Harnessing Structures in Big Data via Guaranteed Low-Rank Matrix Estimation: Recent Theory and Fast Algorithms via Convex and Nonconvex Optimization

Low-rank modeling plays a pivotal role in signal processing and machine learning, with applications ranging from collaborative filtering, video surveillance, and medical imaging to dimensionality reduction and adaptive filtering. Many modern high-dimensional data and interactions thereof can be modeled as lying approximately in a low-dimensional subspace or manifold, possibly with additional structures, and its proper exploitations lead to significant cost reduction in sensing, computation, and storage. In recent years, there has been a plethora of progress in understanding how to exploit low-rank structures using computationally efficient procedures in a provable manner, including both convex and nonconvex approaches.
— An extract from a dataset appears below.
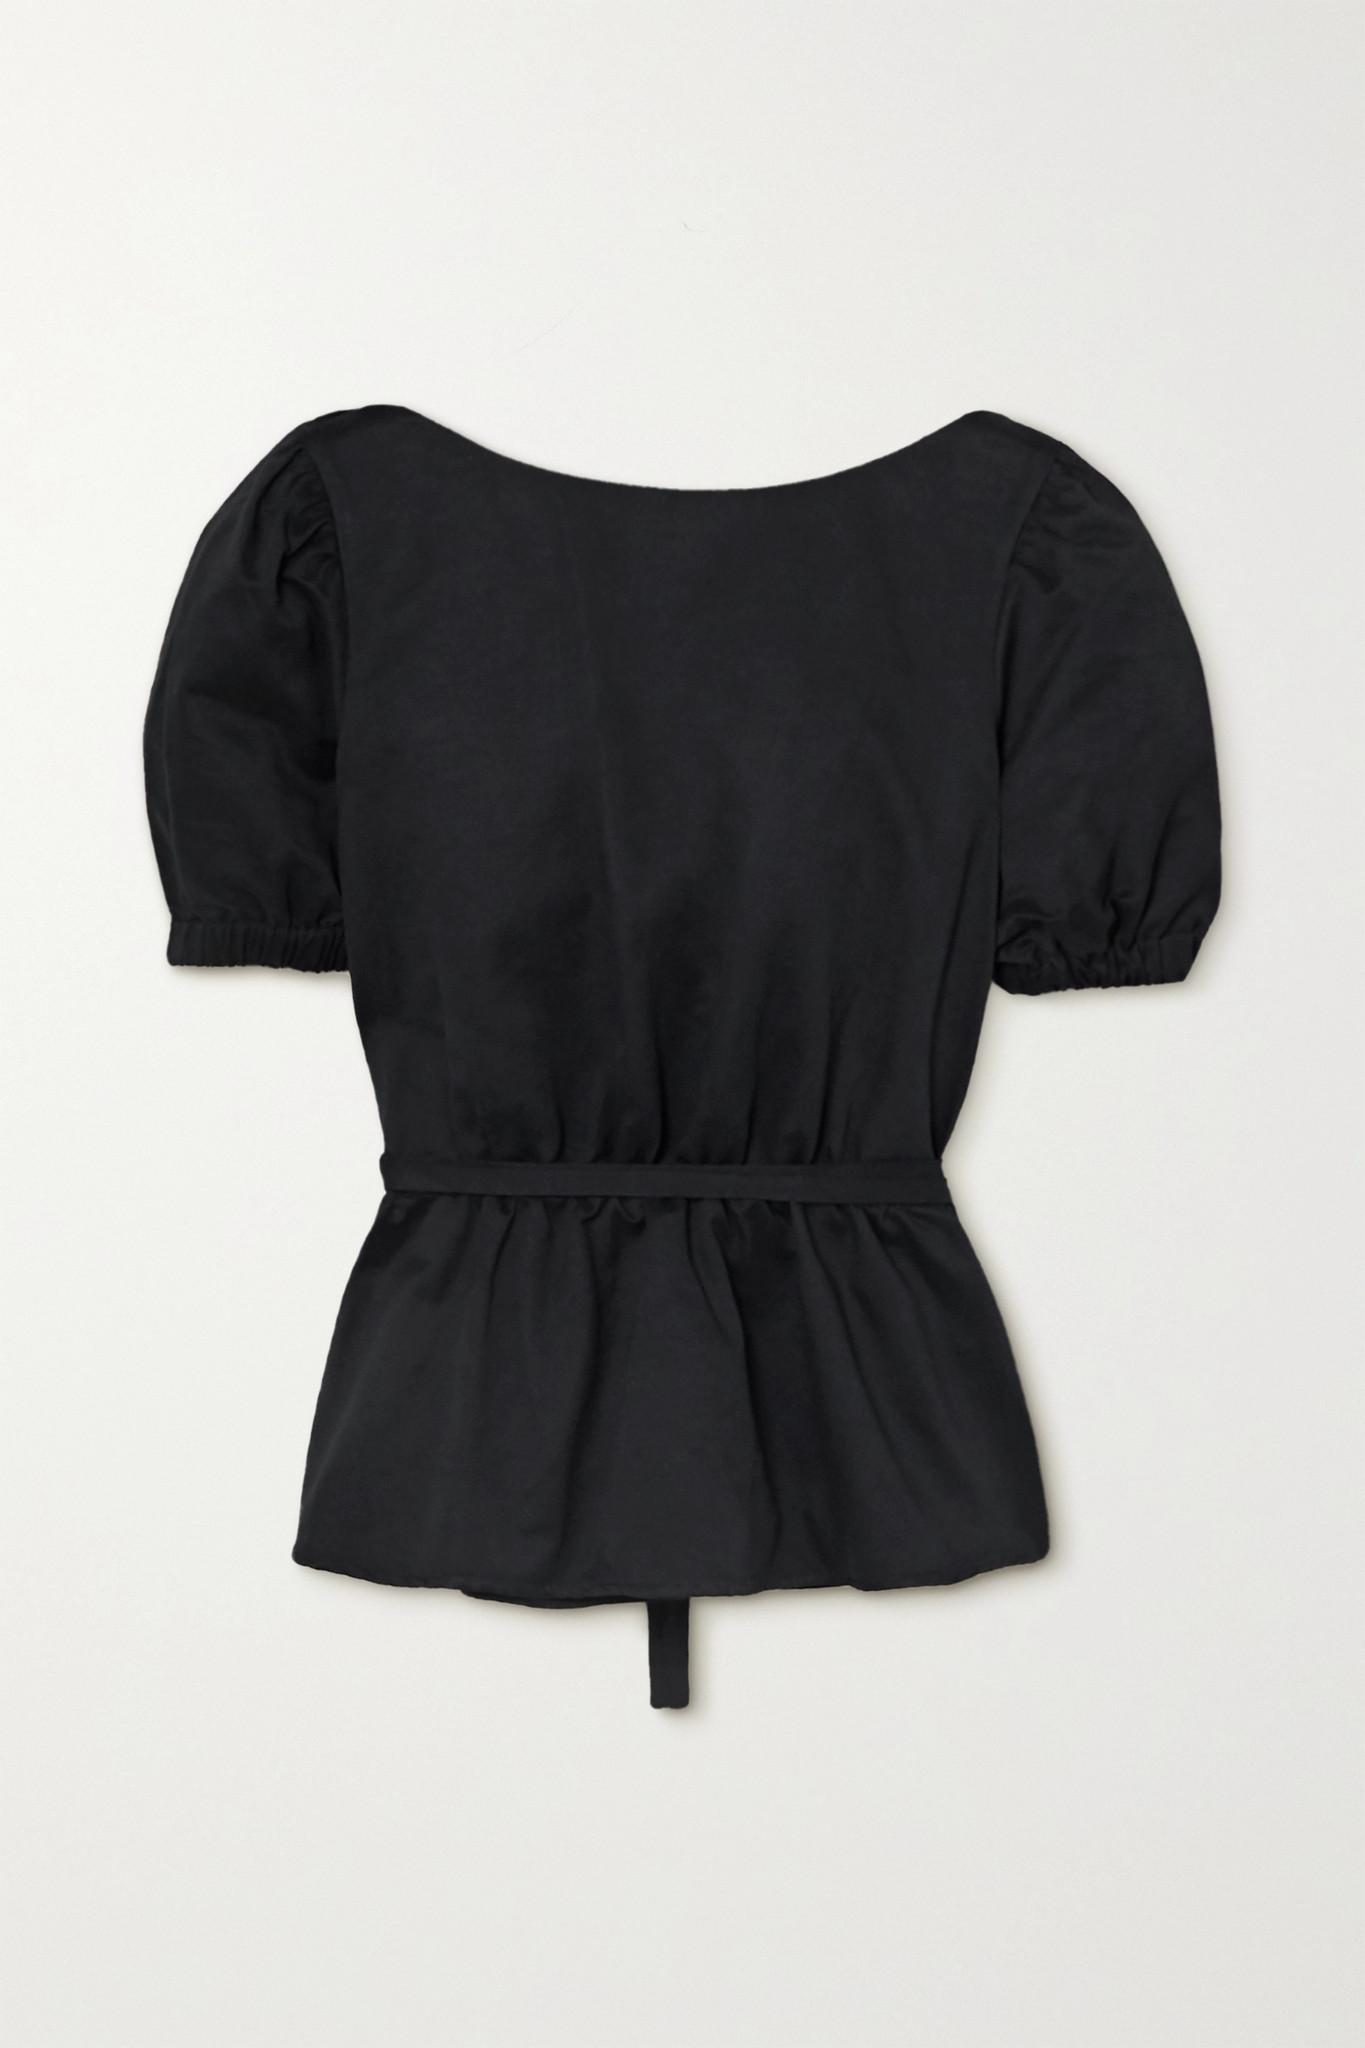 STAUD - Marie 露背棉质混纺罗缎荷叶腰摆上衣 - 黑色 - small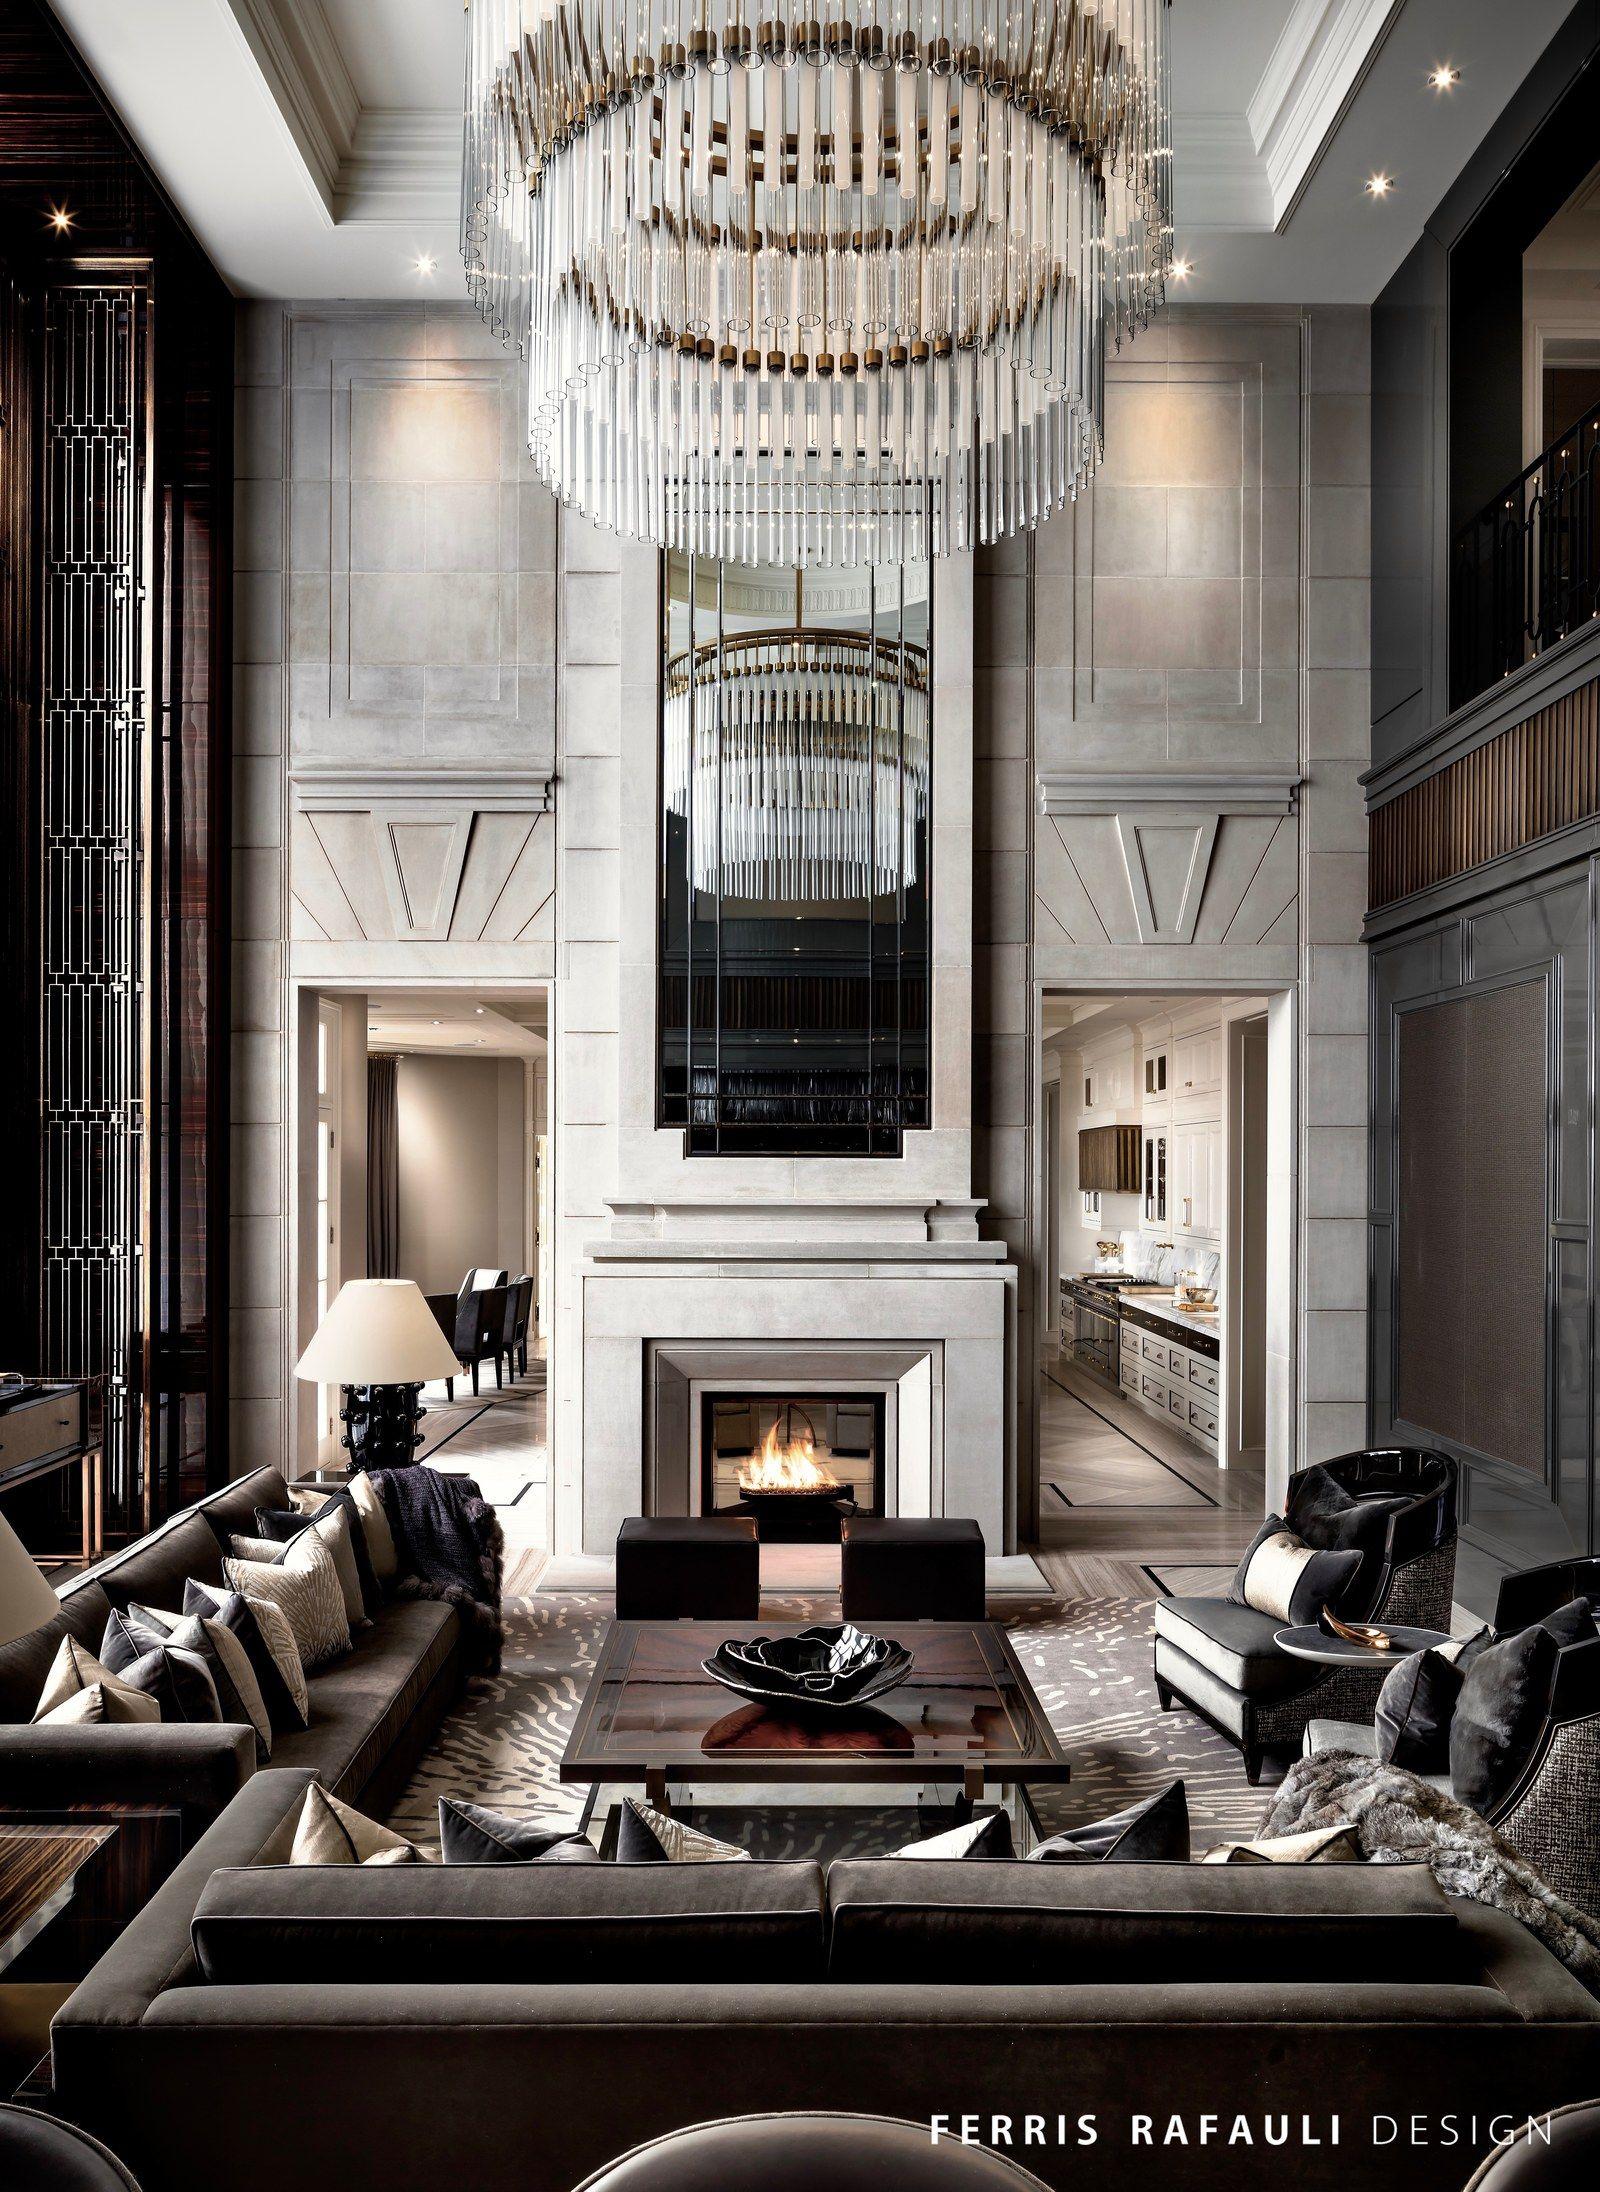 8 stunning interior design ideas that will enchant you on home interior design ideas id=20608

On one side, convex relaxations such as nuclear norm minimization often lead to statistically optimal procedures for estimating low-rank matrices, where first-order methods are developed to address the computational challenges; on the other side, there is emerging evidence that properly designed nonconvex procedures, such as projected gradient descent, often provide globally optimal solutions with a much lower computational cost in many problems. This survey article provides a unified overview of these recent advances in low-rank matrix estimation from incomplete measurements. Attention is paid to rigorous characterization of the performance of these algorithms and to problems where the lowrank matrix has additional structural properties that require new algorithmic designs and theoretical analysis.